I'm looking for a reasonable approach to test C++ template based software, where I want to check template arguments. If the argument do not fit certain criteria, I want the compiler to issue an error. So far so good...
Now I want to test that invalid template parameters are indeed revoked by the compiler. I could setup a single test scenario and fiddle something within the build system (cmake) that tries to compile the scenario, but this sounds very painful. I think I'm not the first who tries to solve this. Some 10 years ago, I've used an approach, where I used a single file for multiple tests and enabled a single test with the preprocessor. But that's not very elegant either.
Any suggestions on how to solve this (best within my current tools-set: c++, cmake, boost-test, bash, python)?
CMake's
try_compile
sounds like a reasonable tool for the job.The main issue here is that
try_compile
will run at CMake configure time, which is not the best time to do testing.

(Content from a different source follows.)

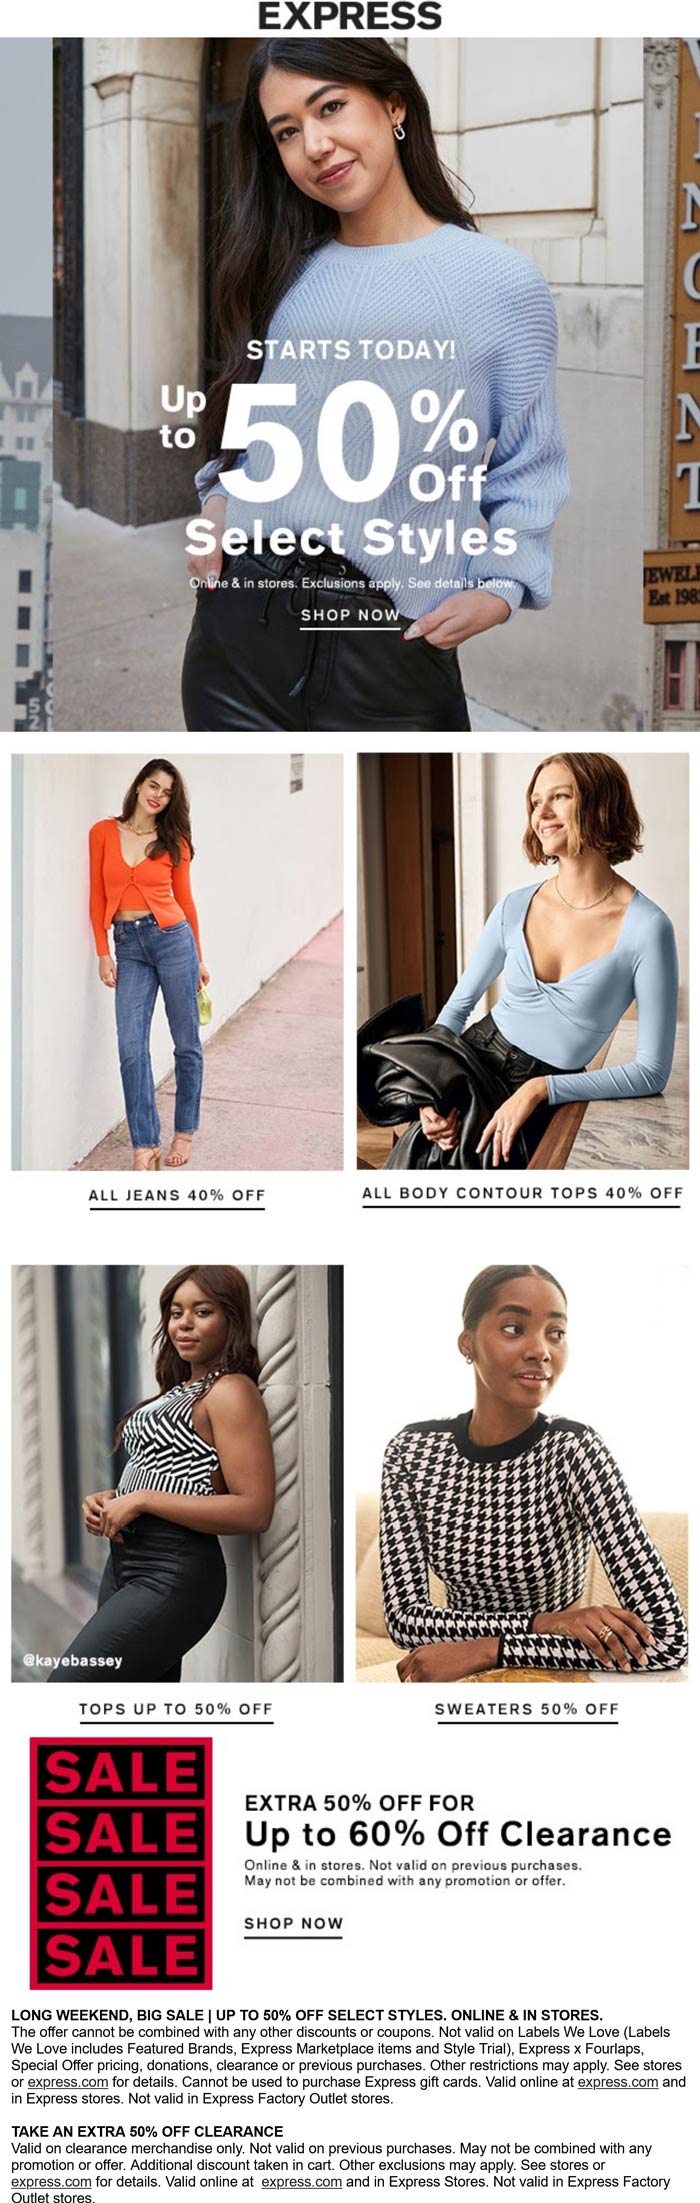 Express stores Coupon  40% off all jeans, extra 50% off clearance & more at Express, ditto online #express

I would thus propose separating the compilation of the tests into its own CMake project.The outer CMake project would then build your code as before and include a custom build target that runs CMake on the test project. This way you should even be able to include the compile-time tests into your CTest suite.
I did not actually implement anything like this with CMake, so I cannot gurarantee it would really work as expected, let alone that it is the best approach. But if I had to write such a system, that's probably how I would start.